## EXERCISE
Please give back, exactly as written, the lines from the line with "Our Most Versatile Boot" to the line with "as a writer" in the listing below, leaving out all pictures.

## RECORDS

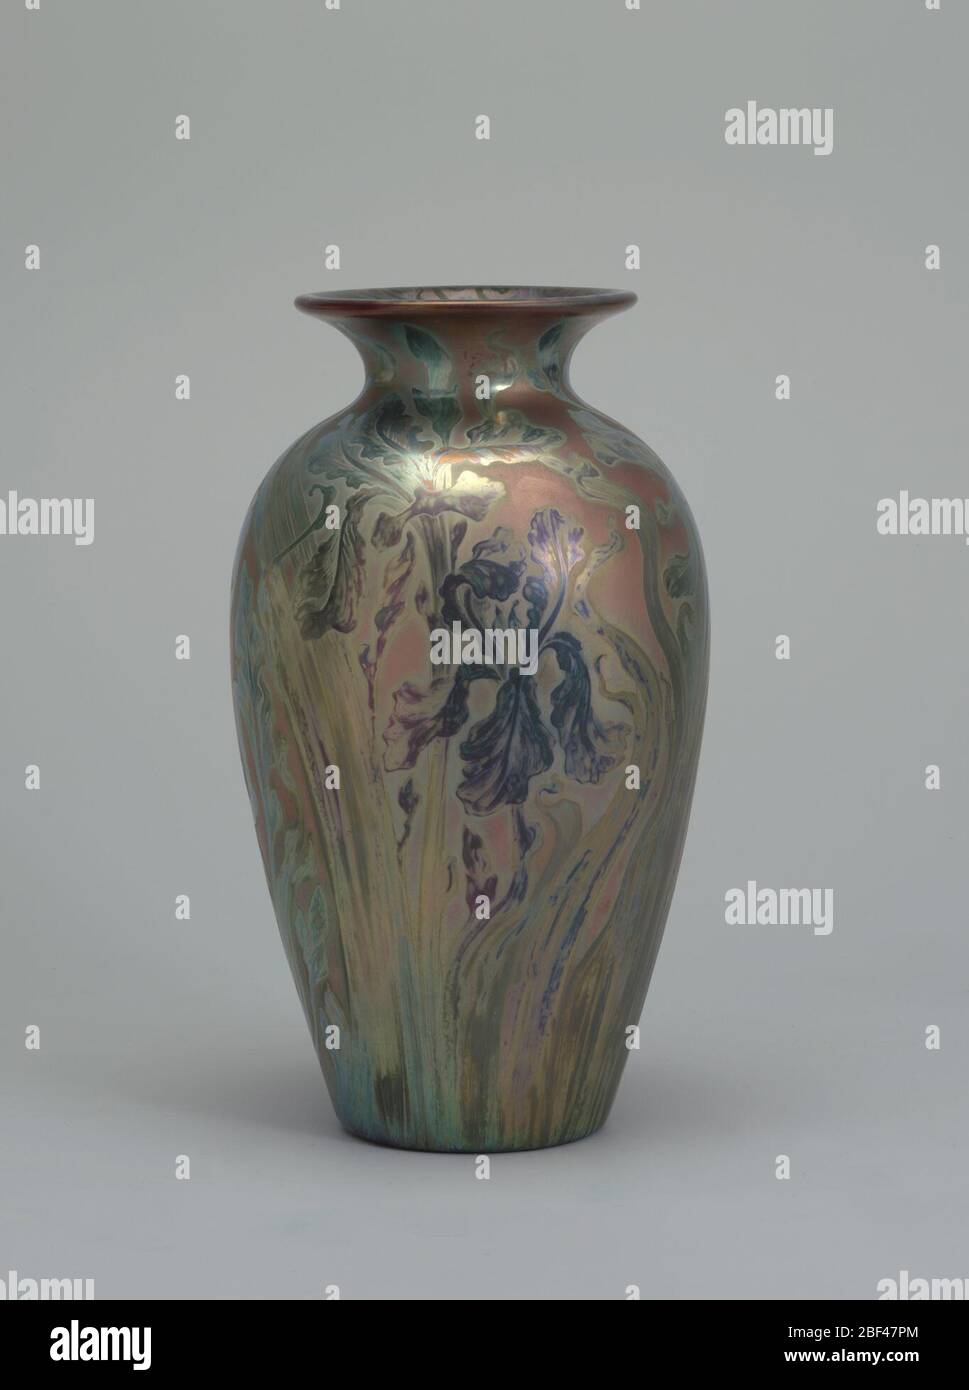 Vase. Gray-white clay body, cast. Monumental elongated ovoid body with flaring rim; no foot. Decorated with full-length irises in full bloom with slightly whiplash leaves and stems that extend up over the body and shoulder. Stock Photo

...

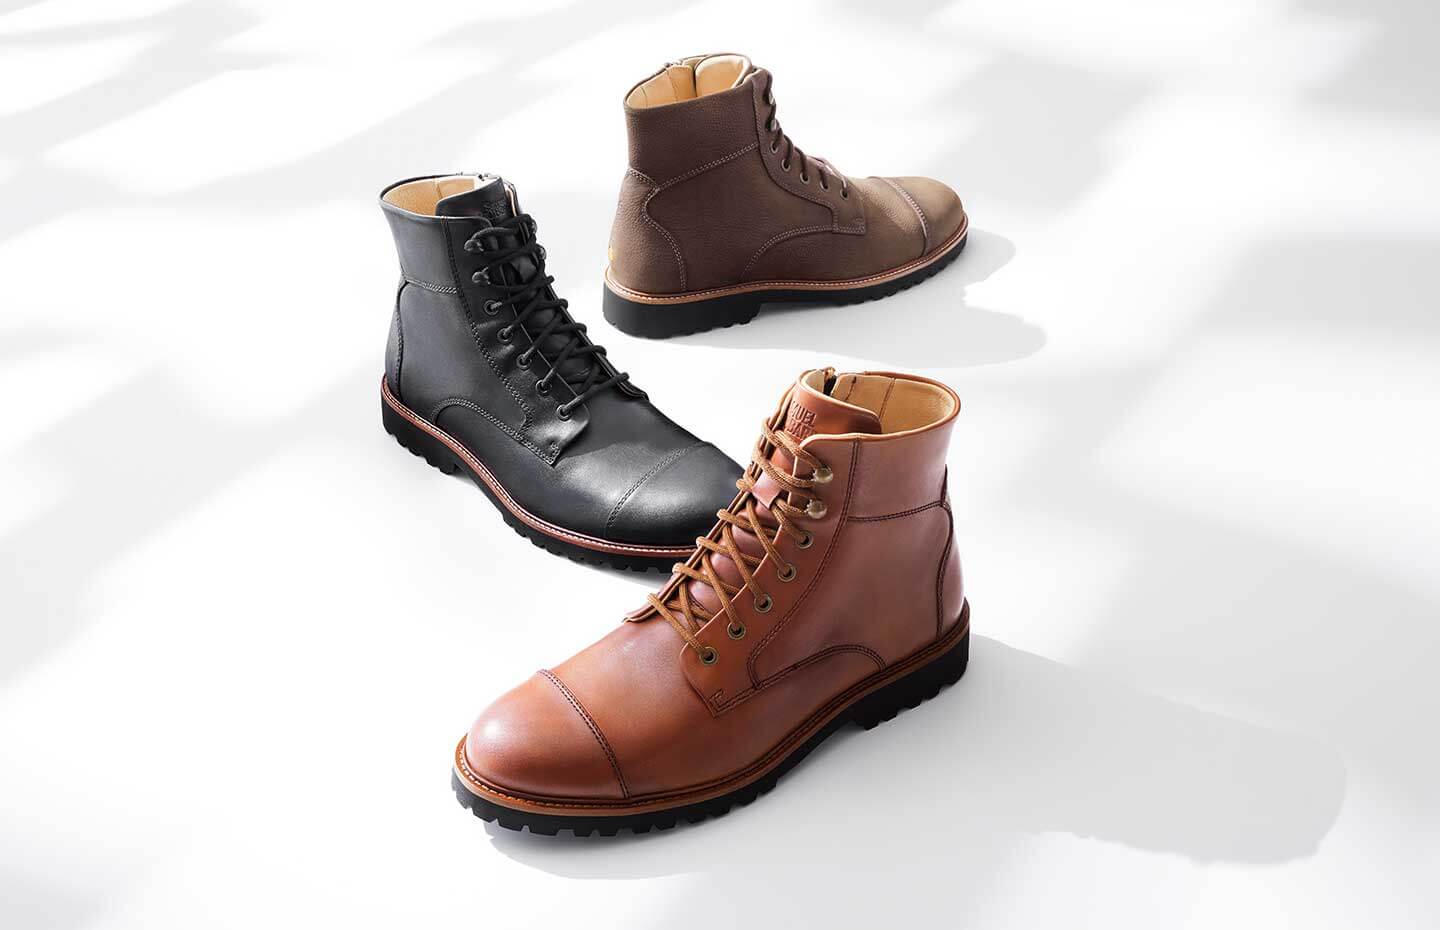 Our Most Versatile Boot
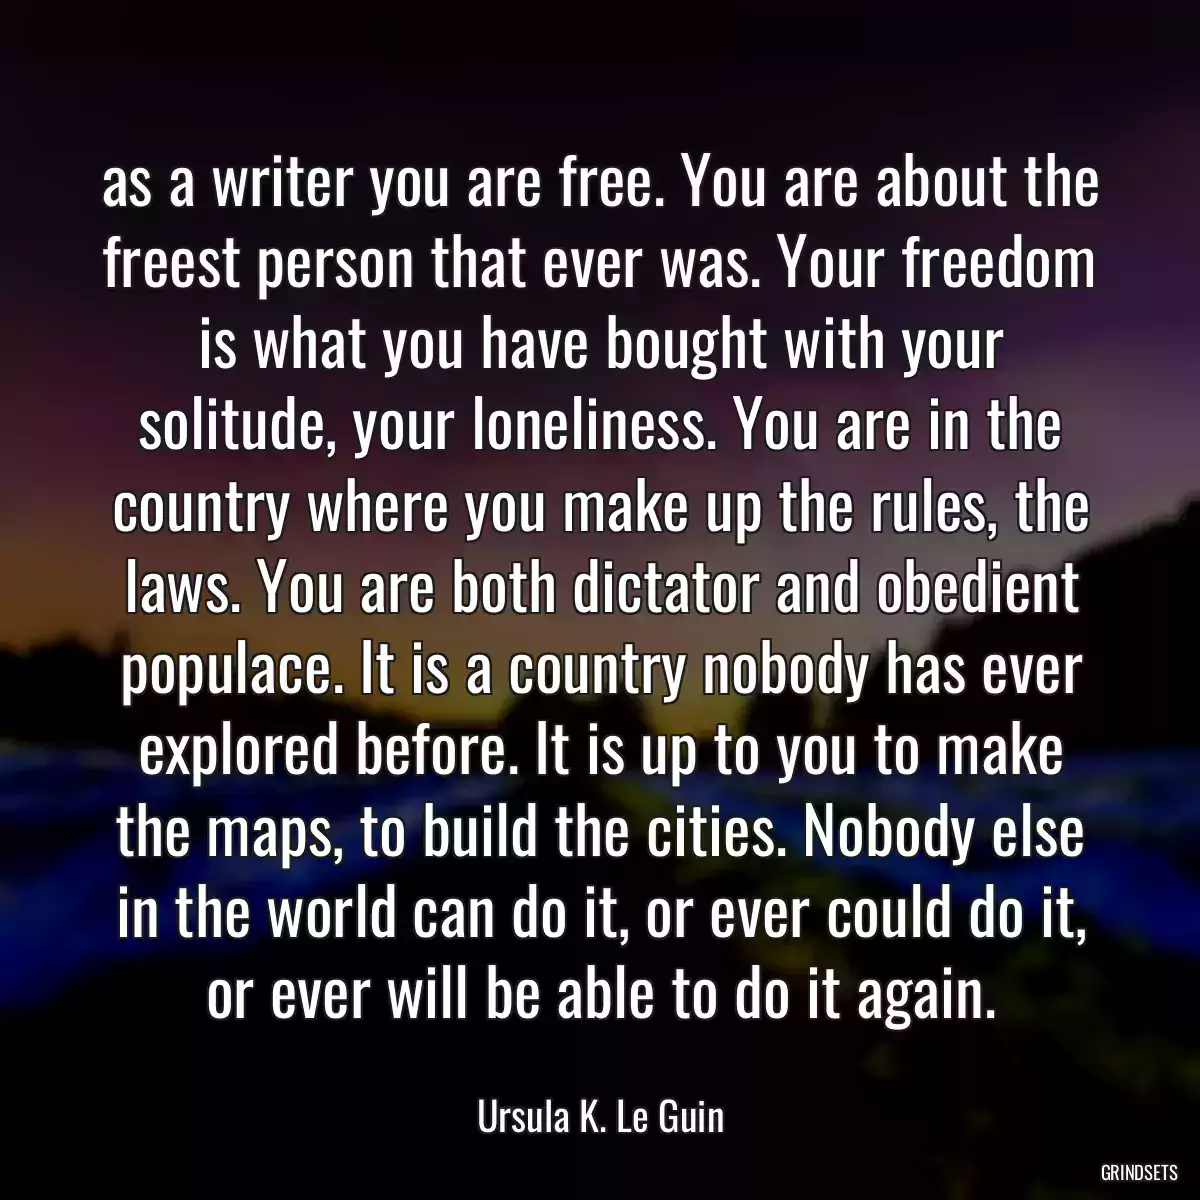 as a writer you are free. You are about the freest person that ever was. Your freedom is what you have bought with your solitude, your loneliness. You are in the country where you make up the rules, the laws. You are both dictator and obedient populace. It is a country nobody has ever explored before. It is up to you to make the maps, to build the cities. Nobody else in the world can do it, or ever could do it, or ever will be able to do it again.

* * *

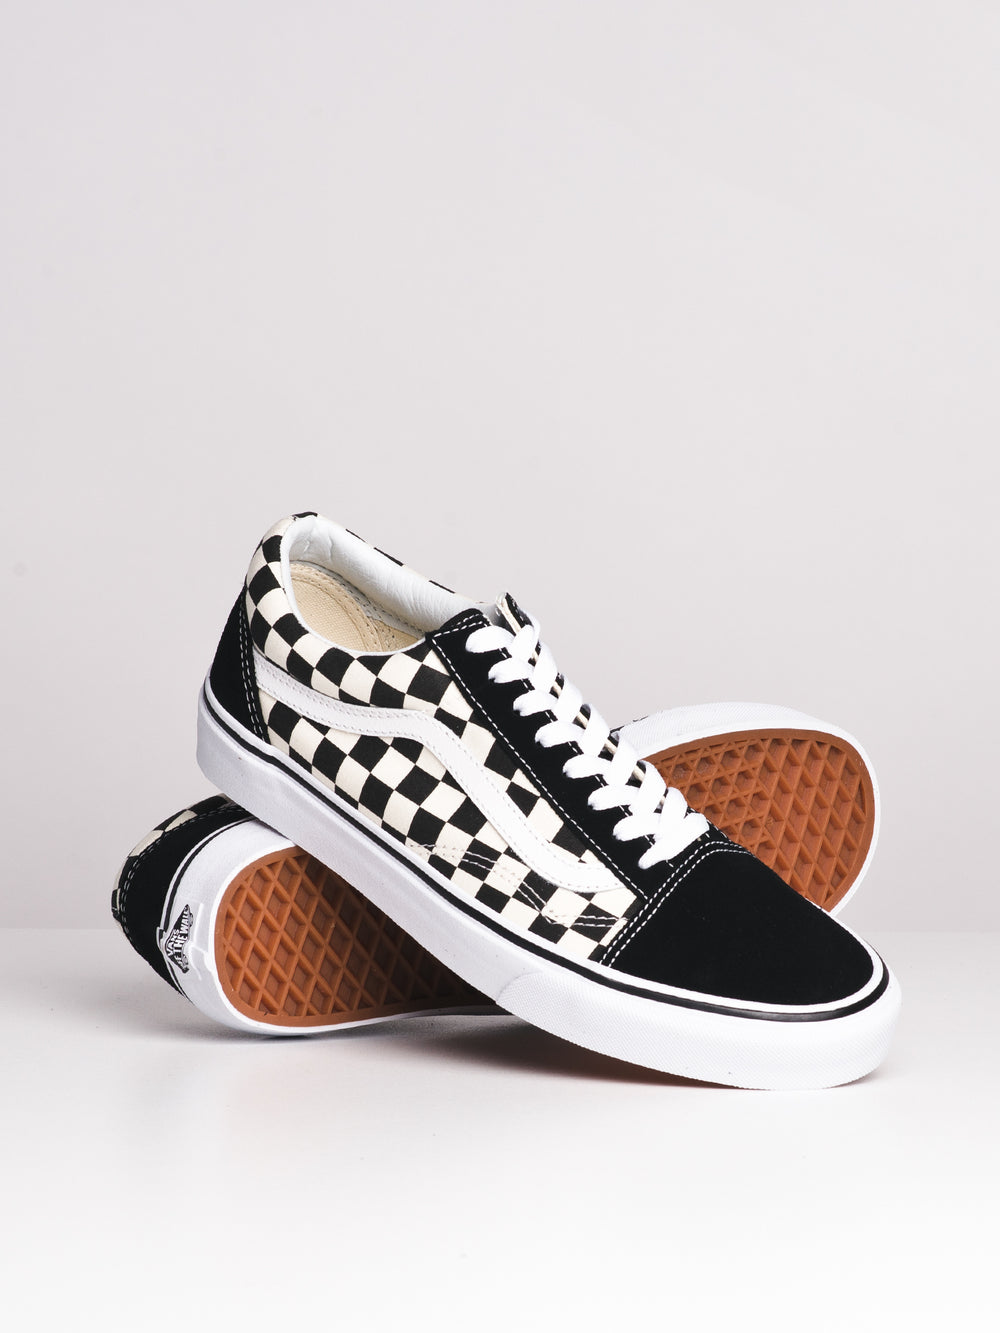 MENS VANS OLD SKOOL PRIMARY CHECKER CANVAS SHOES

## WRITTEN RESPONSE
 Our Most Versatile Boot
 as a writer you are free. You are about the freest person that ever was. Your freedom is what you have bought with your solitude, your loneliness. You are in the country where you make up the rules, the laws. You are both dictator and obedient populace. It is a country nobody has ever explored before. It is up to you to make the maps, to build the cities. Nobody else in the world can do it, or ever could do it, or ever will be able to do it again.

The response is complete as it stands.